The thing is, I suspect that if something happened to get us over the hump and mandate black boxes, it wouldn’t be very long until we began embracing them. I can certainly tell you that at least one lawyer in every auto versus auto case would like having that data.Report
” I can certainly tell you that at least one lawyer in every auto versus auto case would like having that data”
Would they? Or would bring down their value, since you would rely less on their legal expertise and ability to steer a jury (for the bigger jury cases)?
I’m curious what your take on that is.Report
Let’s say there was an auto v. auto lawsuit in which liability was disputed. The black boxes from the two autos would make reconstruction of the accident much more reliable.
Don’t worry about us lawyers. In a high-dollar value case with disputed liability, we’ll find a way to make ourselves useful; the boxes would provide us with even more information about which to argue. In a low-dollar value case, the boxes would make determining liability that much easier.Report
And in a kinda-perverse House That Jack Built kind of way, that means that people in my field will always have a revenue stream as well.Report
I’m currently a defense attorney doing almost exclusively torts. Auto accidents are my bread and butter.
Liability is only one of the things that can be disputed in an auto crash. I’d say more than half of the time we don’t even bother, because it’s damn well clear who is at fault. And where liability is questionable, in my experience it’s almost always the defendant who has the better part of the argument. Because insurers have to pay defense costs, they’ve got every incentive not to waste time on issues they can’t win. When a defendant disputes liability, the outcome most of the time is either a defense verdict or a significant reduction in damages due to attributing some portion of fault to the plaintiff. So I’d say that the defense bar would really like black boxes, but the plaintiffs bar probably wouldn’t. Ambiguity almost always works in the plaintiff’s favor.
But even having the black box data and a breathalyzer won’t necessarily determine liability. Was the light red or not? Who had the right of way at a stop sign? Was the defendant vehicle in the center lane or the right lane? Black box isn’t going to tell you any of that, even with GPS, as it’s only accurate to a few meters, which is more than enough space to raise liability issues. Even if the black box has time stamps, that isn’t necessarily going to resolve anything, because differences of just a few seconds between chronometers can produce drastically different outcomes.

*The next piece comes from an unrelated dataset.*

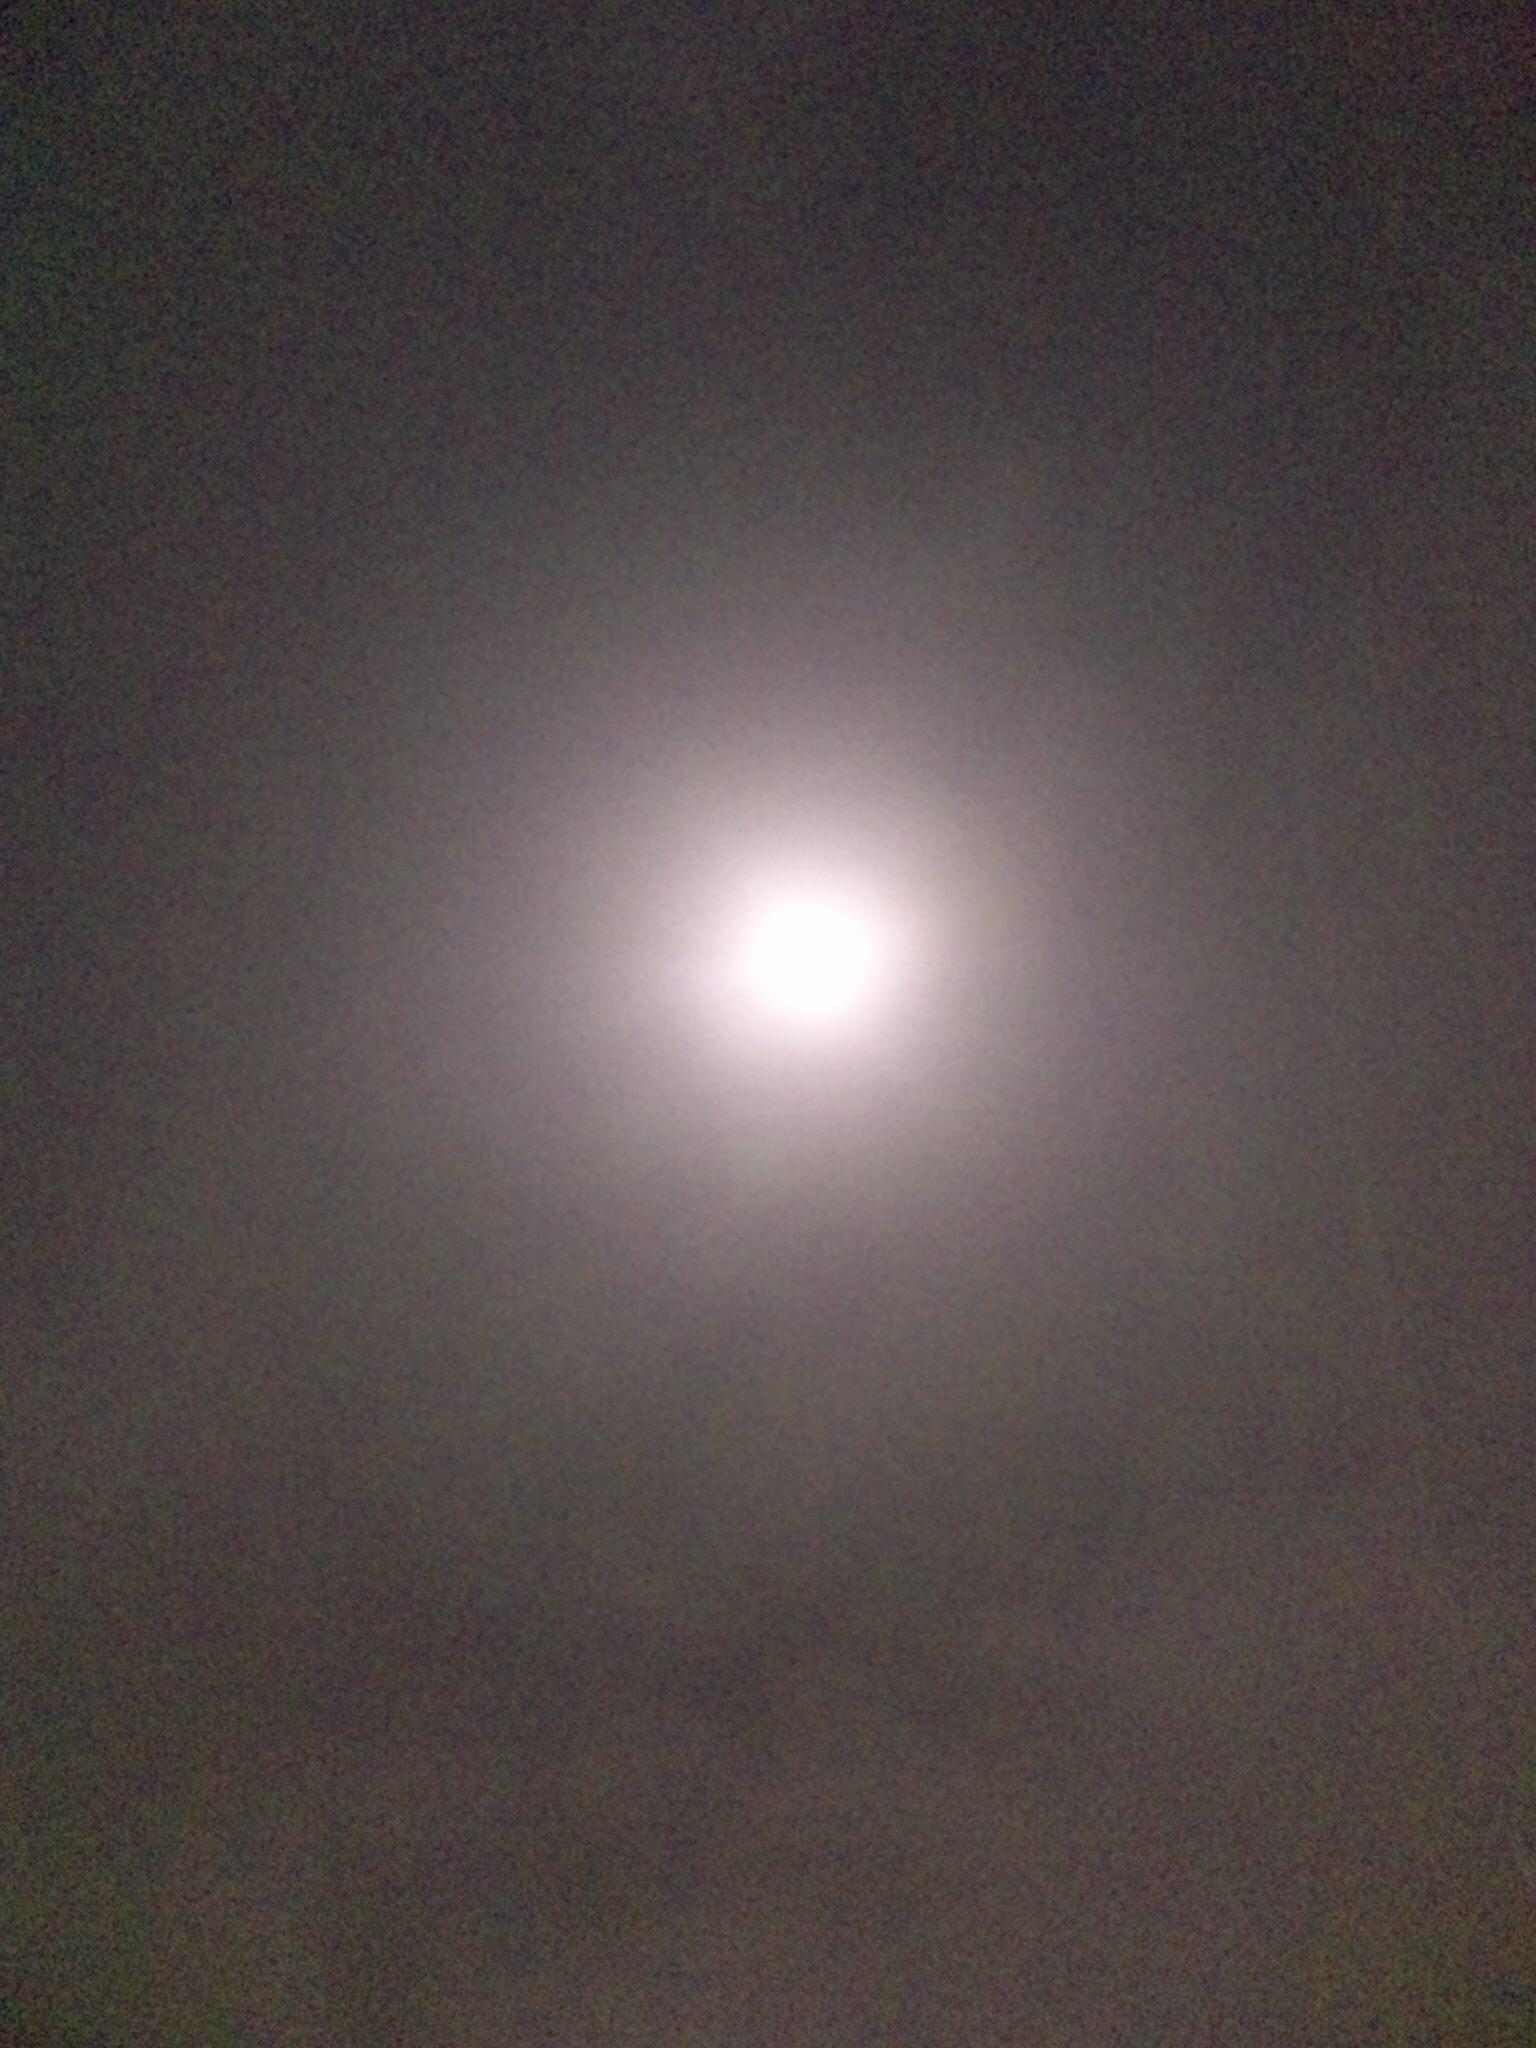 2010 full moon 2

That aside, what’s disputed in almost every case, whether or not liability is in question, is damages. Health care is expensive, to be sure, but figuring out which bills are actually attributable to the accident is both controversial and downright hard. I’ve seen plaintiffs try to get the defendant to pay for every single medical bill they incur after an accident, including diabetes, cardiac problems, and arthritis, all of which were present before the accident. Clearly, insurers don’t want to pay for that stuff.

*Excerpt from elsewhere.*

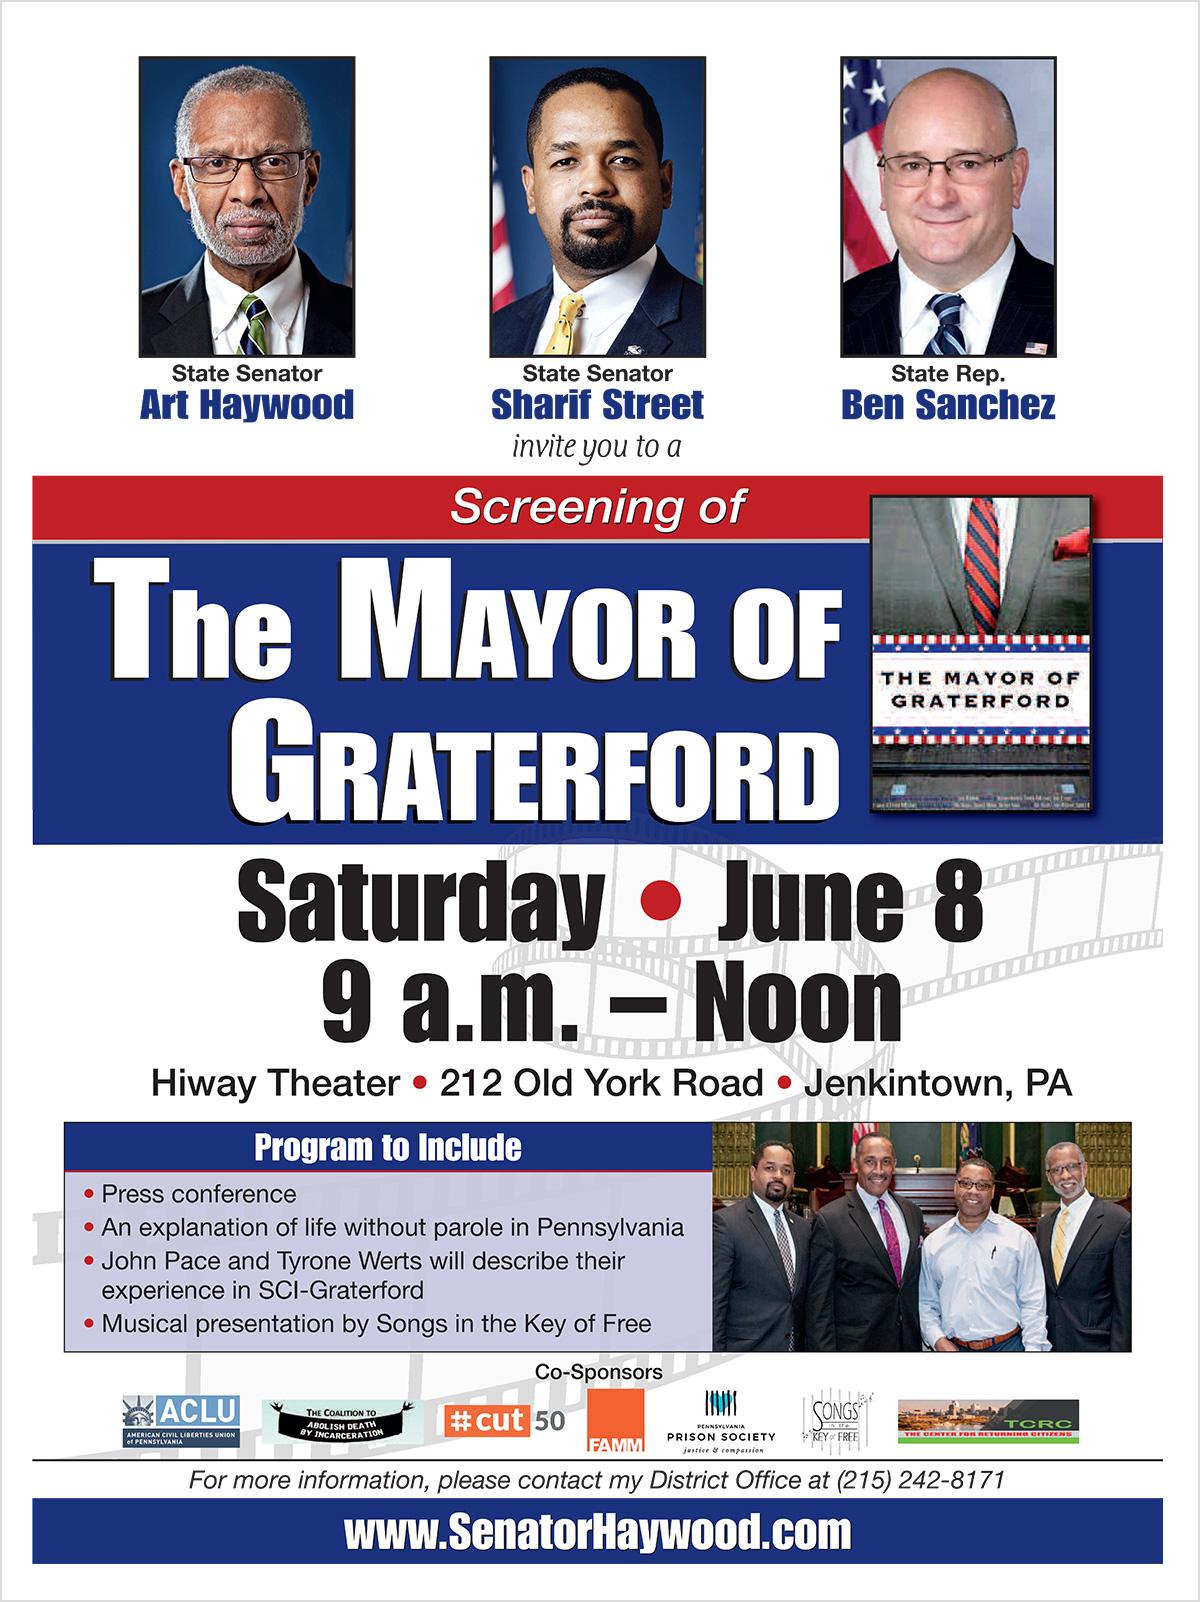 Screening of The Mayor of Graterford - Senator Art Haywood

So even if we can completely remove liability as an issue in auto accidents–which we can’t–there will still be significant fights about damages. The tort bar will still be in business.Report
You don’t need chronometers if you’re using GPS; the GPS signal carries the exact time. Also, a single GPS may only be accurate to a couple of meters in real-time, but it wouldn’t be hard to record the satellite information being used by the GPS to determine location. Then, after the fact, that data could be compared from the two black boxes for a very accurate relative trajectory between the two (or more) vehicles.
We do this sort of thing real-time on spacecraft, like the space station. It should be possible to get down to centimeter-level accuracy for a relative trajectory between multiple vehicles without much expense.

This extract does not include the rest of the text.